Issue 2: Year-long exchange students make LHS home

By Ashley Hocking

Five students left their homes and crossed borders to get to LHS to study abroad for a year. These five students came from Brazil, Italy, Germany and South Korea.

Senior Marty Urbinati from Italy is spending the school year with her host parents, Cynthia and George Norton. The Nortons host a different exchange student every year.

Urbinati decided to embark on the journey of being an exchange student because she’s always been fond of America and wanted to meet new people.

When Urbinati first arrived in America, the first thing she noticed was how big everything was compared to her Italian home.

“Just looking [at] Lawrence [you see] bigger streets and stores,” Urbinati said. “Everything here is bigger than it is in Italy.”

Another big difference she has noticed between Italy and America is the school systems. In Italy, school starts at 8 a.m. and students are released at 1 p.m. Students there take five classes each semester, as opposed to the seven classes in America.

“It’s really different because you have so many students here and you can choose between so many subjects,” Urbinati said.

Junior and second year German exchange student Christoph Brandt also observed many differences from German and American schools. In Germany, students stay in a class with the same classmates for six years. German students also can’t participate in sports in schools.

At LHS, Brandt is a member of the JV soccer team and wants to play basketball in the winter.

Brandt decided to study abroad because he had been to America a few times before and decided to sample the American way of life for a more extended period of time. He is living with senior Nathan Shobe and his family for the school year.

Sophomore Keunuk Jeong from South Korea decided to become an exchange student to be immersed in American culture, make friends and learn English.

Jeong said the biggest difference between South Korea and America is the span of time students spend at school.
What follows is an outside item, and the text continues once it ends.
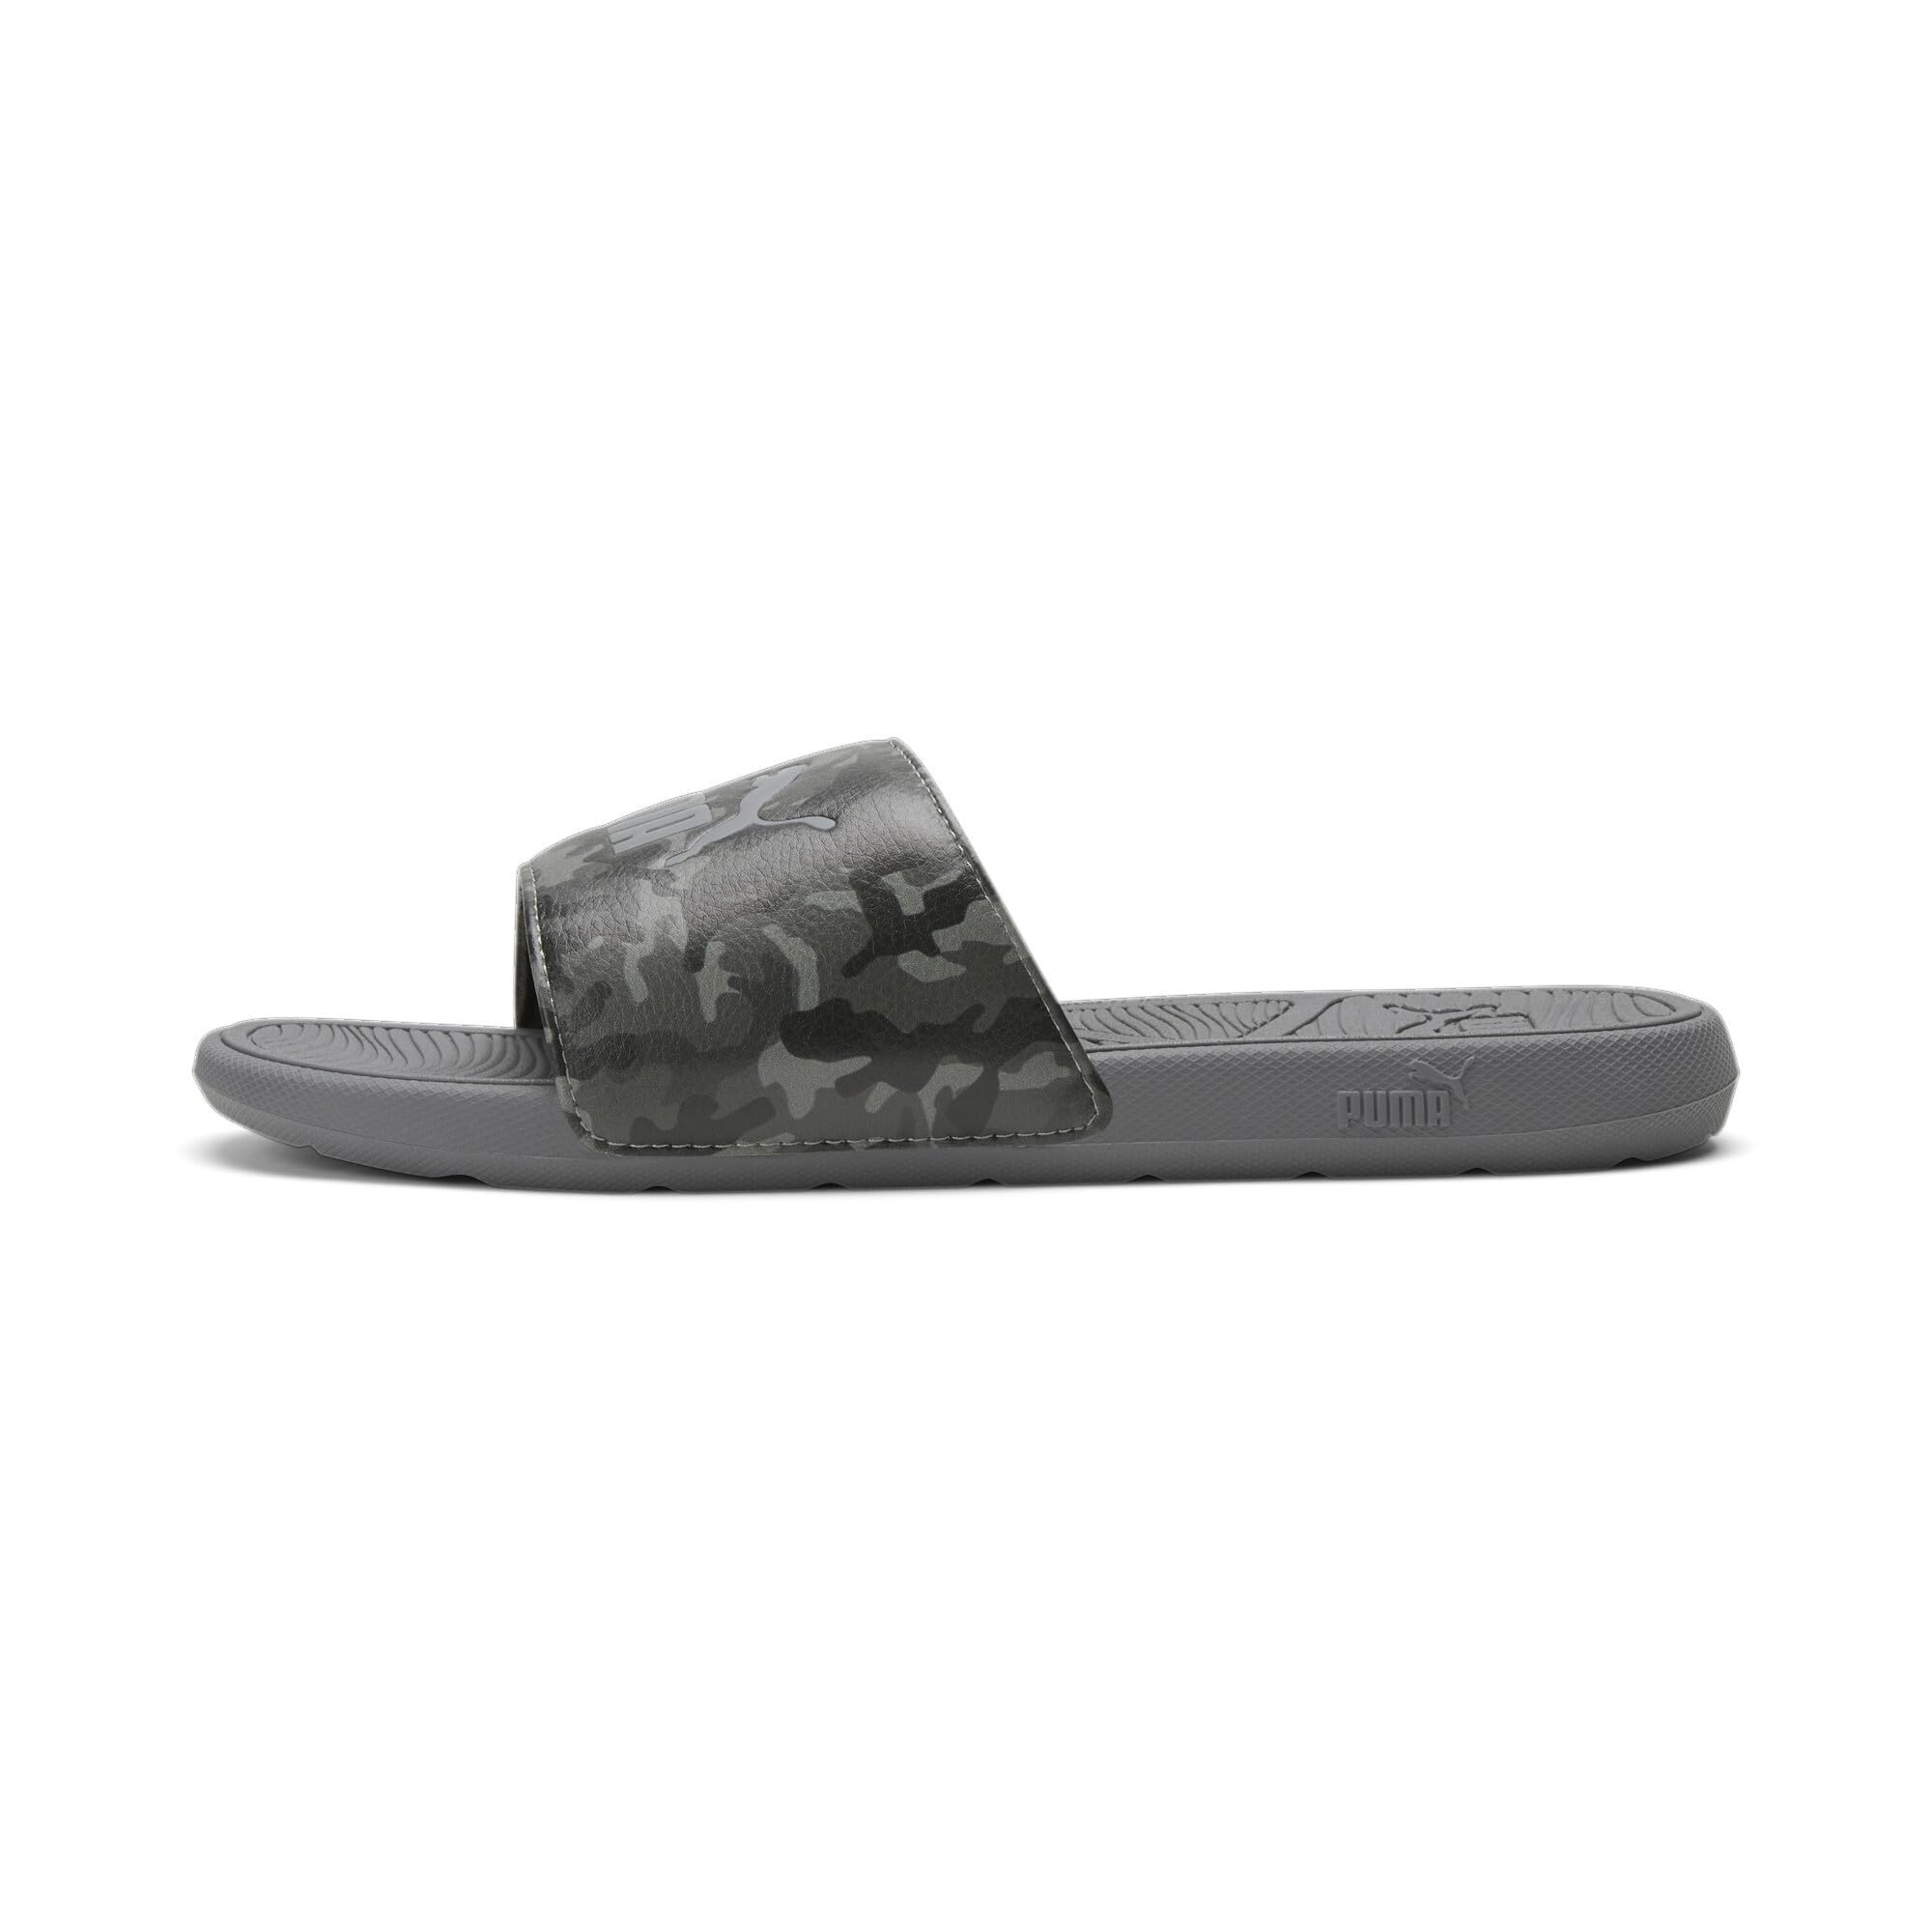 PUMA Men's Cool Cat 2.0 Camo Slide Sandal
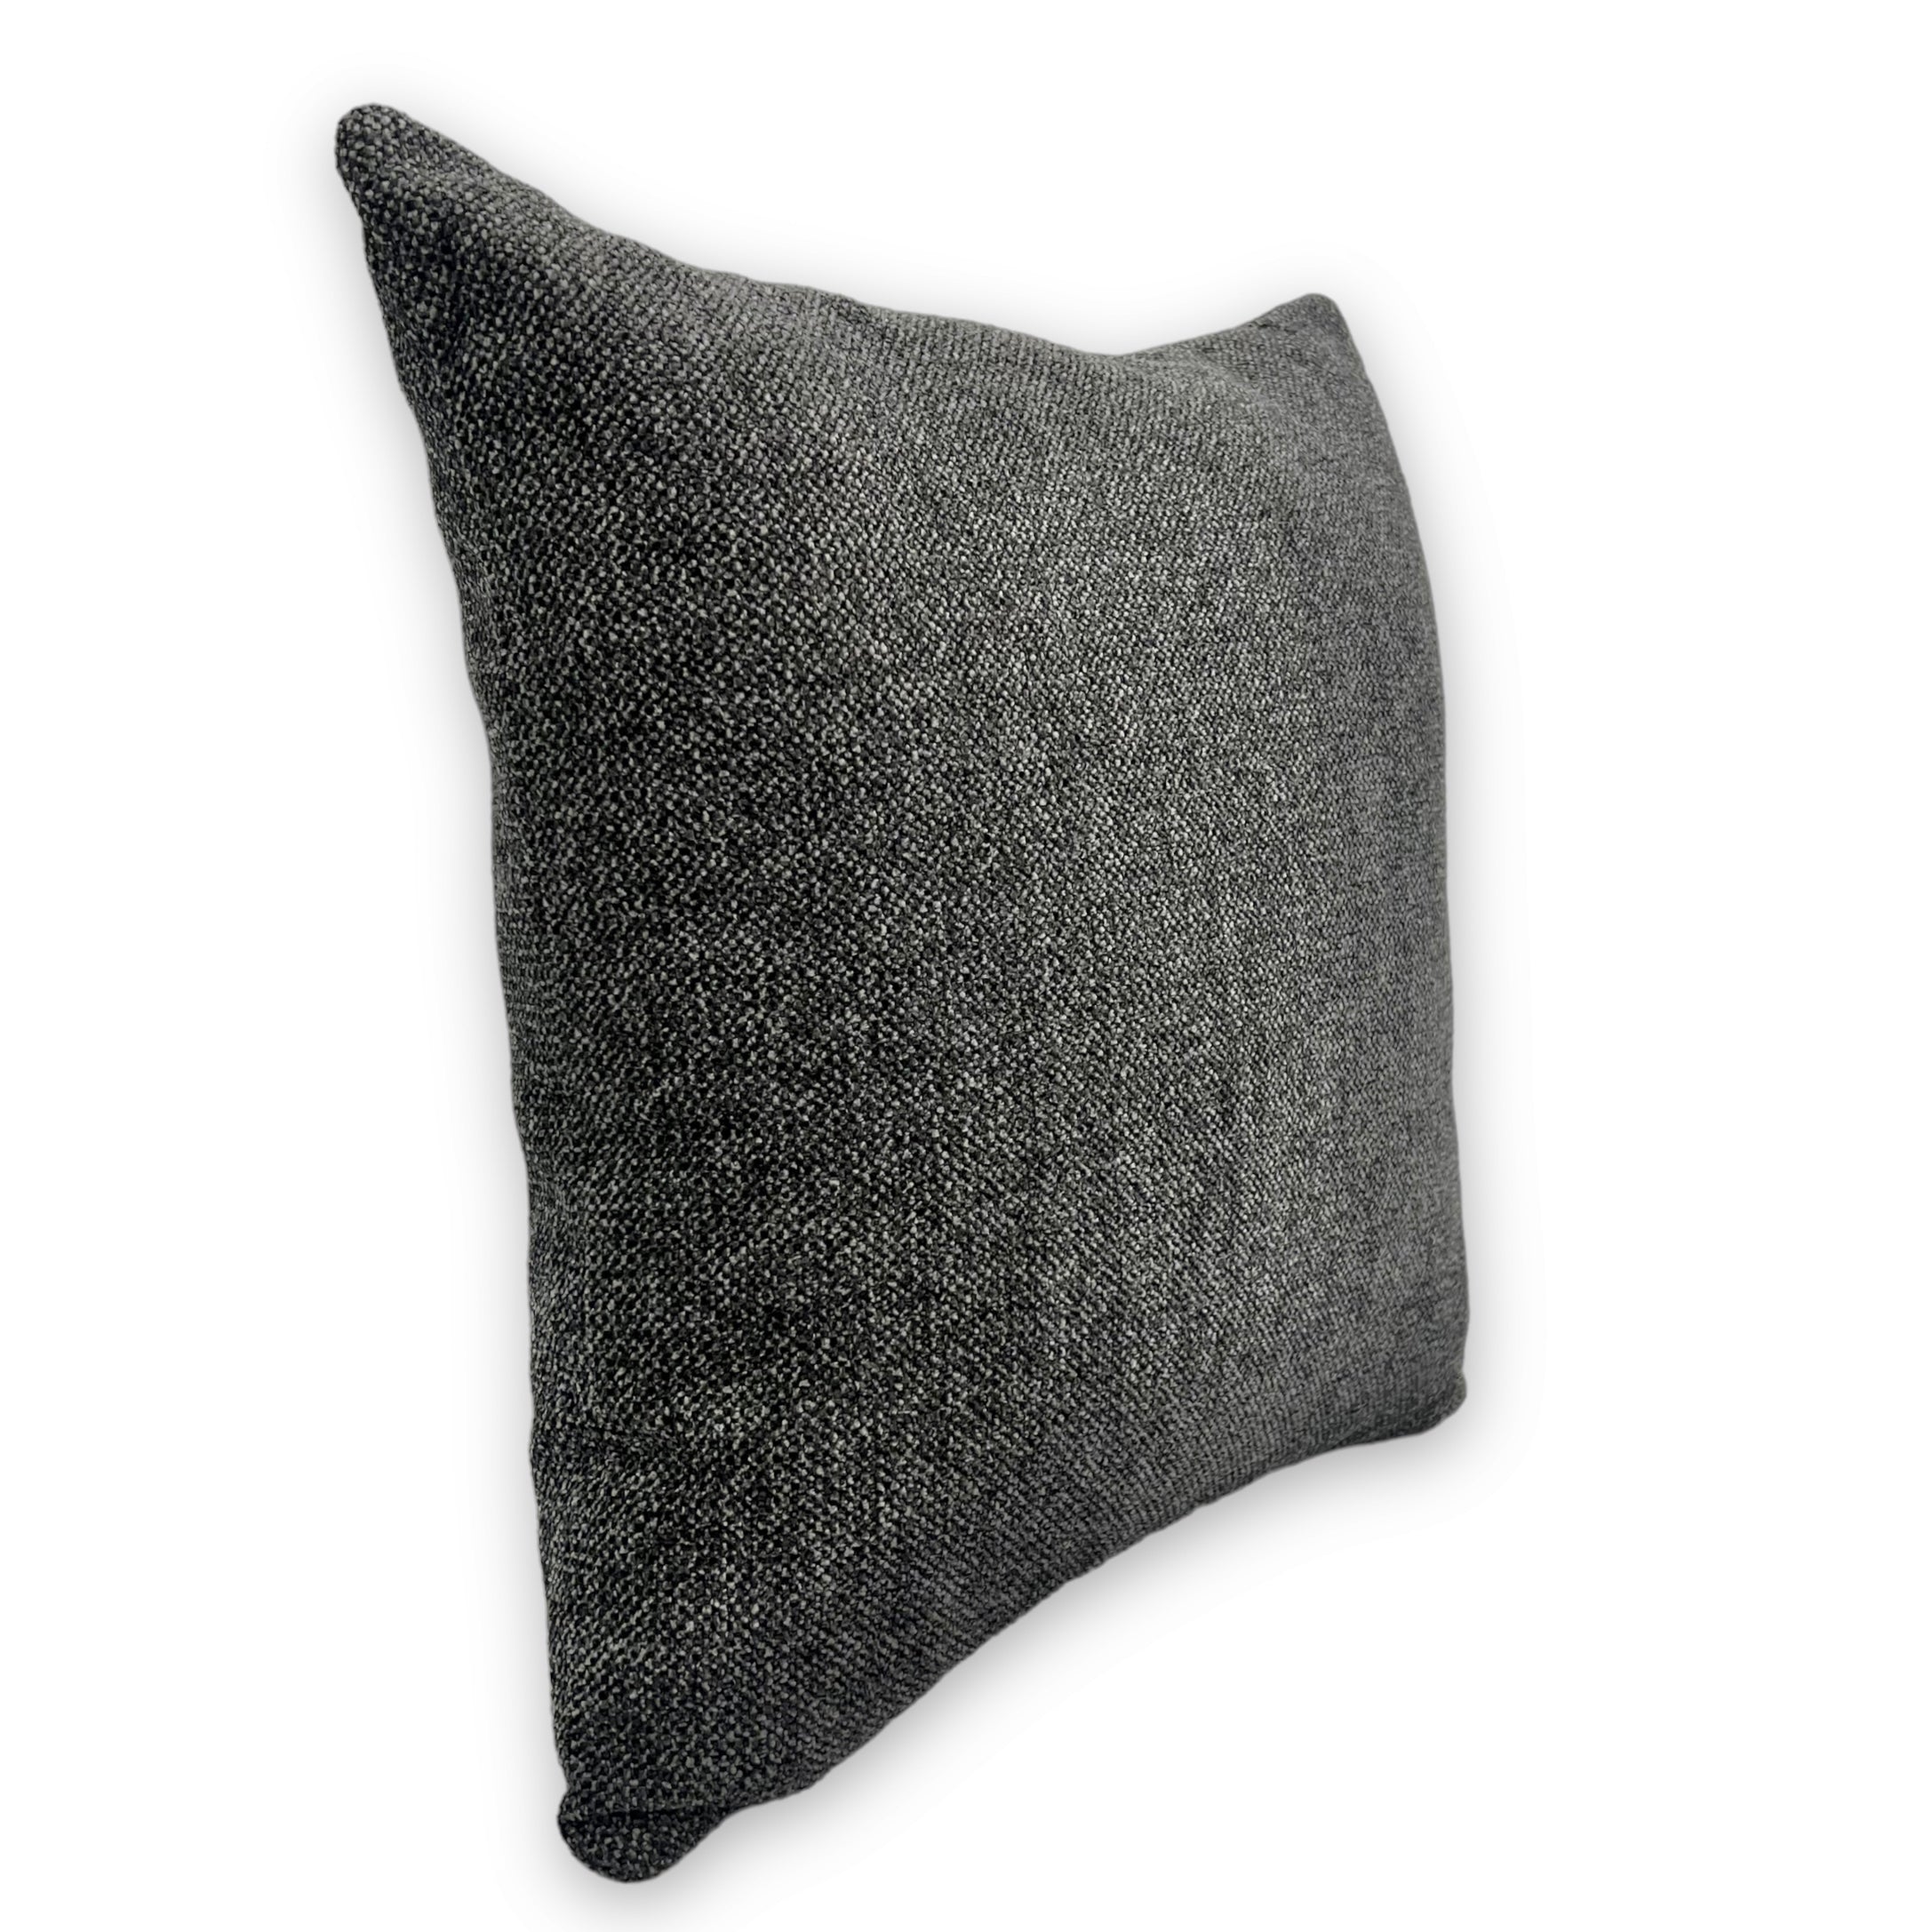 Anthracite Square Pillow

In South Korea, students begin their day at 7:30 a.m. and finish their school day at 10 p.m.

Another stark variation between the two countries is the housing. Most South Koreans live in apartment buildings that are many stories high, while Americans typically live in isolated one to three-story homes.

Senior Isis Miranda, who is originally from Brazil, came to America for a year because her father got offered a job to teach at the University of Kansas. She came along with her mother and father to America to improve her English.

“I think America is a good place to live. Everyone here is so nice and friendly,” Miranda said. “In Brazil, we have a lot of violence and here [there isn’t].”

The toughest part of being away from her Brazilian home is being away from her friends and boyfriend of three years. It hasn’t been hard for her to keep in contact though, with the use of Facebook and Skype.

“It’s like I’m there,” Miranda said.

Cedric Fuss, junior and German exchange student, also utilizes Skype to keep in contact with his family at home.

“I skype often with my parents, so I don’t miss them so much,” Fuss said.

He also came to America to improve his English and experience a new culture.

“The people are much more open and nicer than in Germany,” Fuss said. “But, the food is not so good. It’s healthier in Germany.”

Fuss is living with freshman Trey Georgie and his family for the year. The Georgie family has had an exchange student in the past, which prompted them to want to host another.

At the end of the school year, these five students will traverse seas and borders to return to their homes. An experience like this only happens once in a lifetime.

“I will never forget the friends I made,” Fuss said.